--- ASSIGNMENT ---
Count the lines below that include the word "Leather", then give that number and no other words.

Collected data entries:
•••

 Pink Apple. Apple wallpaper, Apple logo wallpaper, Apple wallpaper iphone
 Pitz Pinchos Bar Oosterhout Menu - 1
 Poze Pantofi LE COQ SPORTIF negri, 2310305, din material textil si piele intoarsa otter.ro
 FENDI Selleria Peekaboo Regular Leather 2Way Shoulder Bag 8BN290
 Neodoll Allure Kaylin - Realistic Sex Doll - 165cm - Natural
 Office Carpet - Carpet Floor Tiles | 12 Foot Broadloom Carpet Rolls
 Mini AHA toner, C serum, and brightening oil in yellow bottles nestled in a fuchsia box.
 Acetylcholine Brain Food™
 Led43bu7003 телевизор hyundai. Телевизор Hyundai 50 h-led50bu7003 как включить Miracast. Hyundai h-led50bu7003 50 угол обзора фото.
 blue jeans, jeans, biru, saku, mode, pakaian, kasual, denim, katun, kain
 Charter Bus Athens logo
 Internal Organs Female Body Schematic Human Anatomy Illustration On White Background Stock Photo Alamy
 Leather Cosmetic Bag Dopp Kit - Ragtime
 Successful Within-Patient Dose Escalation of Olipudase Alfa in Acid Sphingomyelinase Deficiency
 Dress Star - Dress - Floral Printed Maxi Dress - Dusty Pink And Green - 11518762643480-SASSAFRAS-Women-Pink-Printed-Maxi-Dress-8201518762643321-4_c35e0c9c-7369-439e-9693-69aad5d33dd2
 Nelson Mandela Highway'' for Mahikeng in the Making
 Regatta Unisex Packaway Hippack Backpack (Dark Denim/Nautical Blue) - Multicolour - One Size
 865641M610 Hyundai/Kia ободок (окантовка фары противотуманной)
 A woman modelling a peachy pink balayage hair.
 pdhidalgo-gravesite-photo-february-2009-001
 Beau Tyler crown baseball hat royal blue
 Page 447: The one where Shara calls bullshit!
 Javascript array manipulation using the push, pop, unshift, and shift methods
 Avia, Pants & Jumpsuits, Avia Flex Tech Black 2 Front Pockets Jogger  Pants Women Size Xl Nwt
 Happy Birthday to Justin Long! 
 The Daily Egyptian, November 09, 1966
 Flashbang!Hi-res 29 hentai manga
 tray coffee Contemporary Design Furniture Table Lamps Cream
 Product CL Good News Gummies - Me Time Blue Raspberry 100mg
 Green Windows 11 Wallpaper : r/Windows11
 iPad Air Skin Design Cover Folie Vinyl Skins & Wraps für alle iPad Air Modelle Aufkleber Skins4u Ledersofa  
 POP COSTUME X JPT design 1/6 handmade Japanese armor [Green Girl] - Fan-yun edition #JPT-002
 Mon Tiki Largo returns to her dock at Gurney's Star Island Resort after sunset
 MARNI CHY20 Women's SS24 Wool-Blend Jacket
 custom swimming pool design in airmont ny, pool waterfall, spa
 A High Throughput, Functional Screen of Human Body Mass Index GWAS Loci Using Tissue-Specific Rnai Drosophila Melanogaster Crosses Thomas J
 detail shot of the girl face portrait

•••

--- OUTPUT FOR THIS TASK ---
2